Village in Eidfjord Municipality, Norway

Eidfjord is the administrative centre of Eidfjord Municipality in Vestland county, Norway. The village is located on the shore of the Eidfjorden, an inner branch of the large Hardangerfjorden. The village sits about 15 km east of the Hardanger Bridge along the Norwegian National Road 7.

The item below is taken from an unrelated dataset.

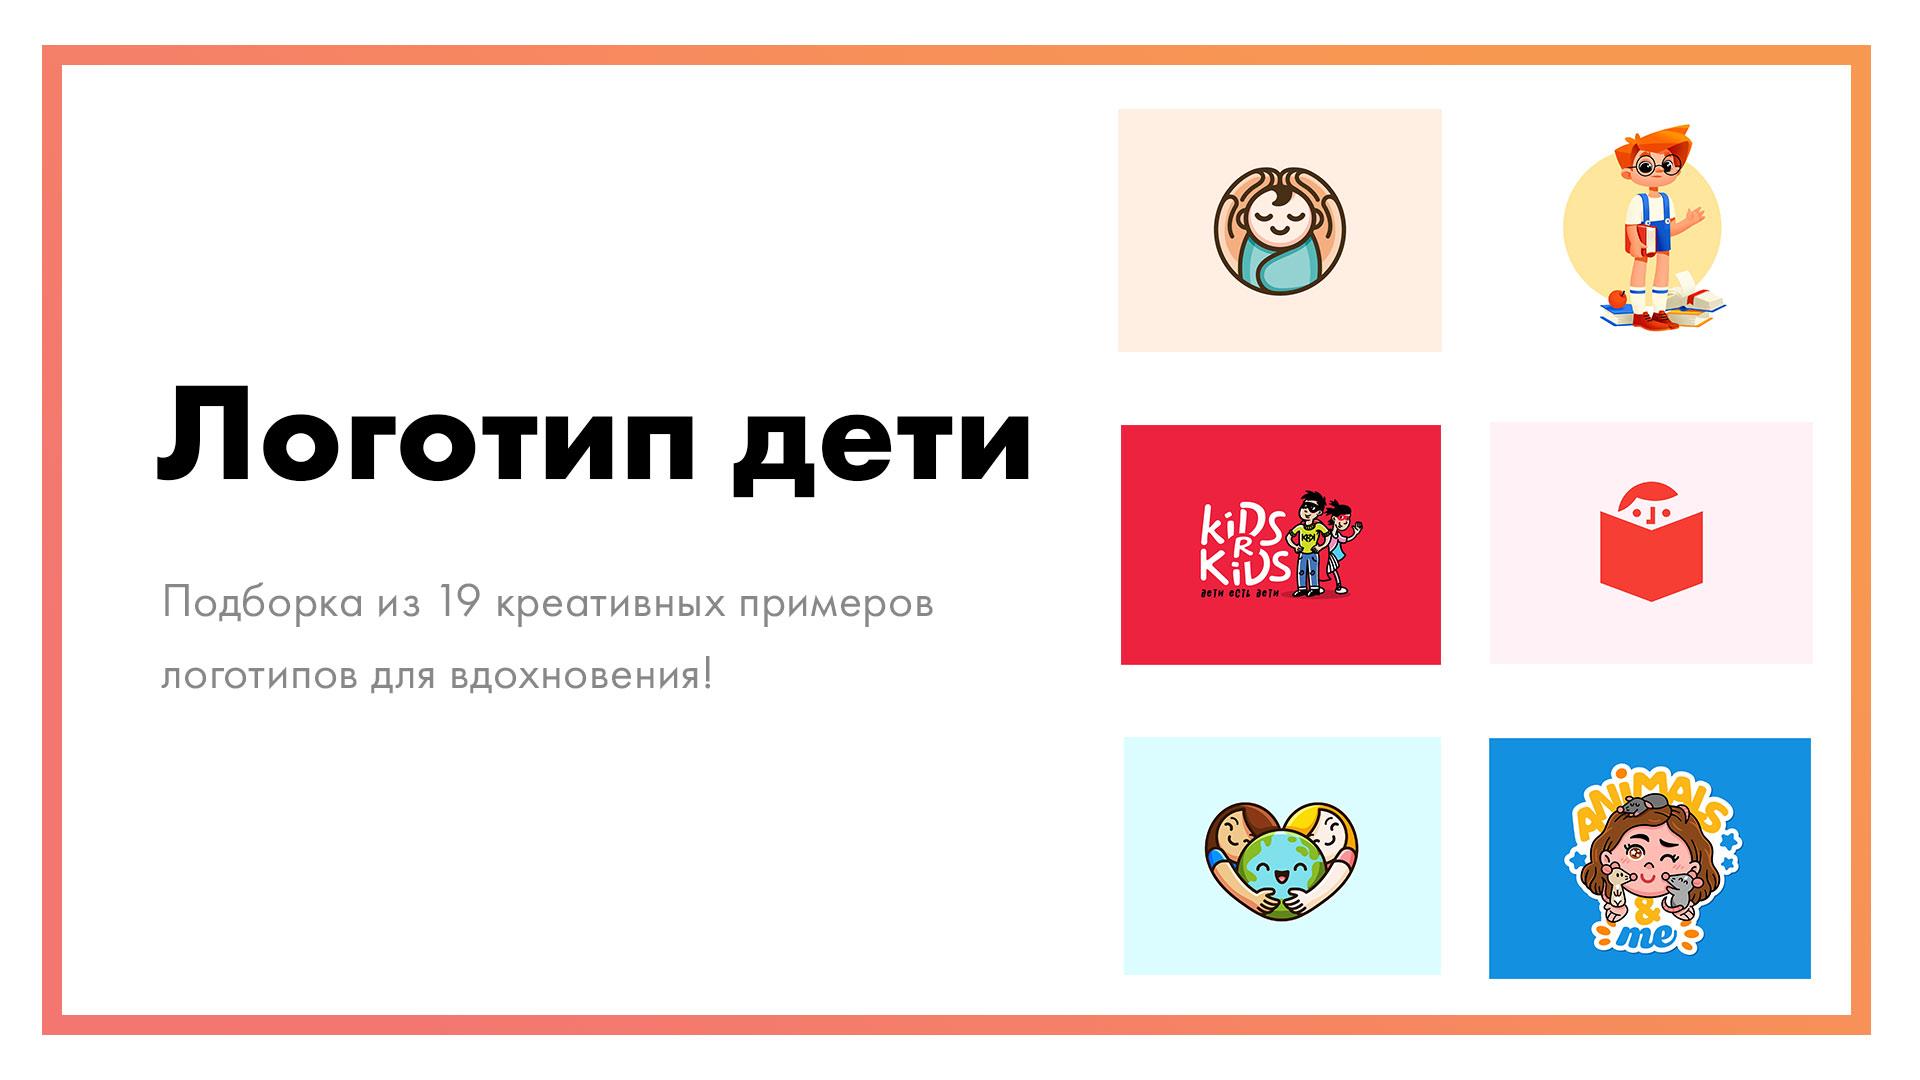 Логотип-дети-–-19-креативных-примеров-для-вдохновения!.jpg

The 0.75 km2 village has a population (2025) of 571 and a population density of 761 PD/km2. This makes it the largest settlement in the municipality, with over half of Eidfjord's residents living in this village.

==Economy==
The village is the main commercial and government centre for the whole municipality. The village is a tourist destination with a quay for summertime cruise ships that sail along the fjord. The Hardangervidda plateau and the Hardangerjøkulen glacier are both located nearby. The Måbødalen valley and the famous Vøringfossen waterfall are a short distance away. This is why Eidfjord is home to many hotels, guest houses, and camp sites, as well as souvenir shops. The only school in the municipality, Lægreid School, is located here too.

==Geography==
Eidfjord is located between the Eidfjorden (on the north side of the village) and the large lake Eidfjordvatnet (on the south side of the village). The short river Eio runs between the lake and the village. The village of Øvre Eidfjord lies about 6 km south of Eidfjord, on the south side of the lake Eidfjordvatnet.

==History==
The village has been inhabited for a long time. There are Viking Age burial mounds located just up the hill from the village on a small plateau. The Old Eidfjord Church was built in Eidfjord in 1309. It was in continuous use until 1981 when the new Eidfjord Church was built just northwest of the old church.